Hulu, HBOGo, and Amazon Video emerged as direct rivals but Netflix also competes for eyes and attention spans with YouTube and social media sites. This week, two more formidable challengers emerged that could threaten Netflix’s shaky sovereignty.

On Tuesday, Disney cut ties with Netflix, ending a distribution deal to pave the way for its own branded streaming service coming in 2019. Disney also plans to debut an ESPN service early next year.

Wednesday brought another blow, with news of Facebook Watch, a more formal version of the social network’s video feature, with live and recorded shows that “follow a theme or storyline.” Although Facebook Watch competes more directly with YouTube, the company is investing in a handful original series as Netflix began doing a few years ago.

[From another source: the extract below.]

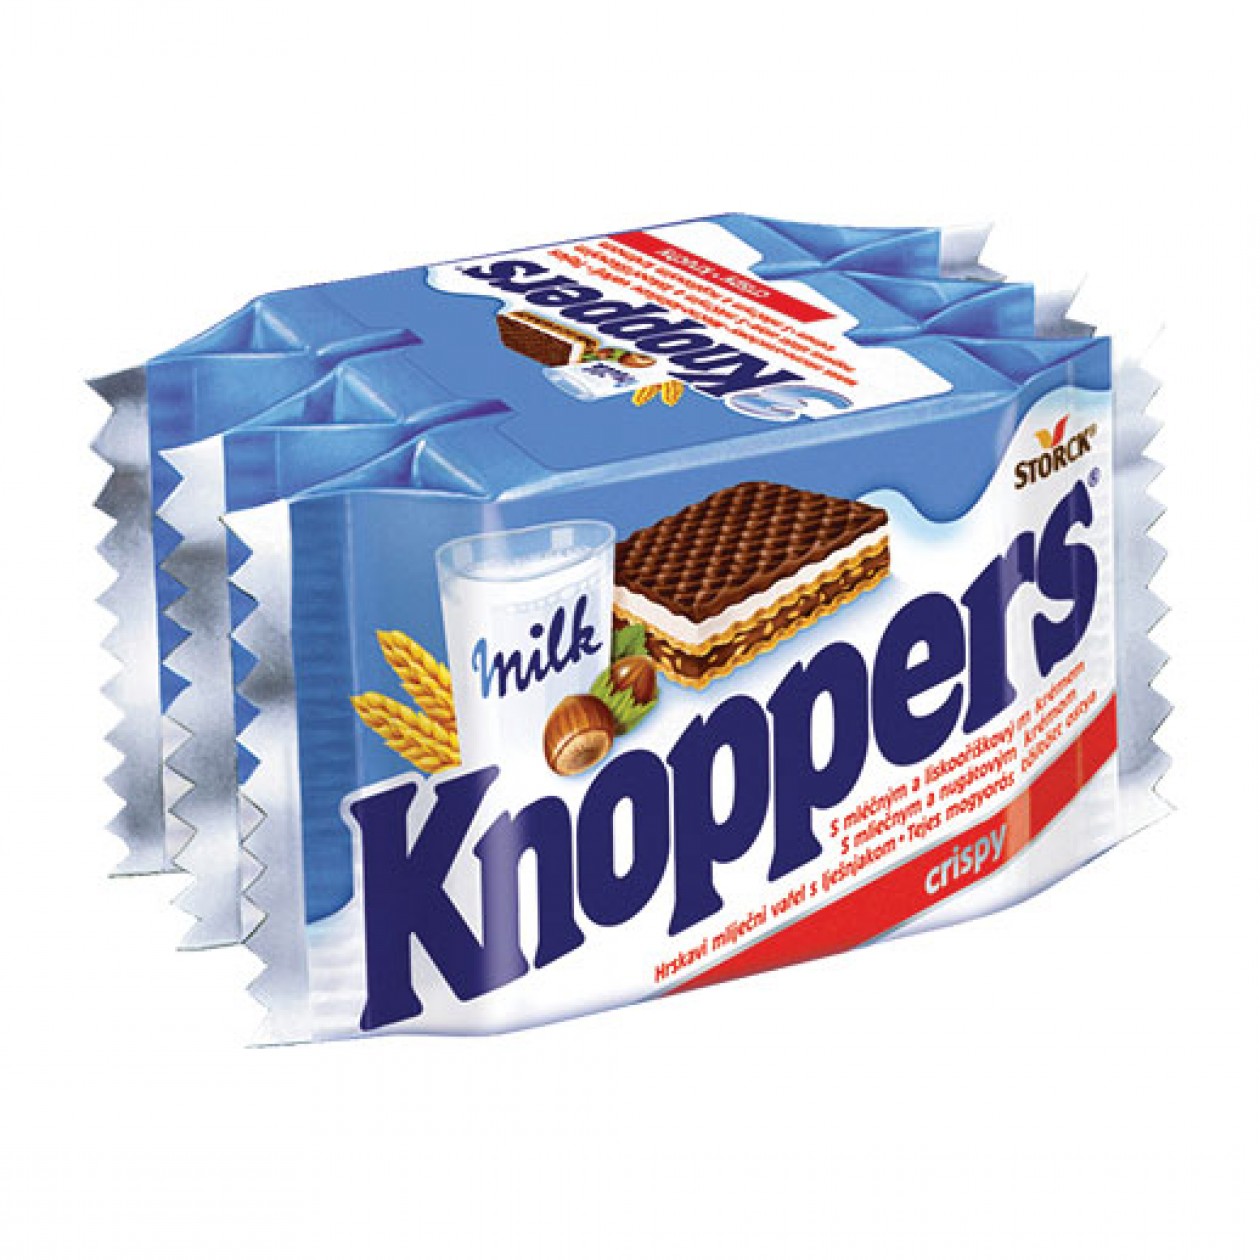 Knoppers Storck Chocolate Wafers 24x75gr (3 pack)

Last year, Netflix reached 75 percent of homes with at least one non-cable streaming service, according to comScore data. YouTube was viewed in 53 percent of households, and Amazon reached 33 percent. Hulu trailed behind at 17 percent. HBOGo hovered at around seven percent but it isn’t clear whether or not that includes viewers who watched HBO programming as part of their cable bundle.

Competitors may be catching up to Netflix, however. As Netflix acknowledged in its own quarterly letter to shareholders, “YouTube is earning over a billion hours a day of consumers’ time with one type of entertainment, while we are earning over a billion hours a week with our type of entertainment.”

Disney and Facebook’s investments in streaming video also have consequences for Amazon. Analysts estimate that the Seattle e-commerce giant is will spend $4.5 billion on video content this year, in a bid to catch up to competitor Netflix, which has a budget of $6 billion for the year.

In addition to spending on original content, Amazon has been trying to exploit a weakness in Netflix’s armor: sports. Amazon reportedly paid $50 million to livestream 10 Thursday Night Football games next season. Amazon also has eSports streaming giant Twitch in its arsenal, thanks to a $970 million acquisition deal.

But Amazon isn’t the only video platform eyeing live sports — an area that has lagged behind other content in the streaming revolution. The company had to outbid Google, Facebook, and Twitter for its Thursday Night Football deal, according to reports. Major League Baseball is broadcasting one game per week on Facebook — a series that will be migrated over to Facebook Watch. Now that Disney is launching an ESPN streaming service, the race to video dominance is becoming more crowded and complicated.

Netflix, for its part, is focused on commercial-free, on-demand video and is not pursuing live sports streaming at this time. The company also says it’s not as worried about competition as you might think.

Here’s how Netflix describes the landscape in its letter to shareholders:

The competition for entertainment time is always intense, but the silver lining is that the market is vast and diverse … Linear TV is still huge, piracy still substantial, and there are thousands of firms and approaches around the world earning some fraction of consumers’ entertainment time. The entertainment market is so broad that we’ve grown from zero to over 50m streaming households in the US over the last 10 years, and yet HBO continues to increase its US subscriptions. It seems our growth just expands the market. The largely exclusive nature of each service’s content means that we are not direct substitutes for each other, but rather complements.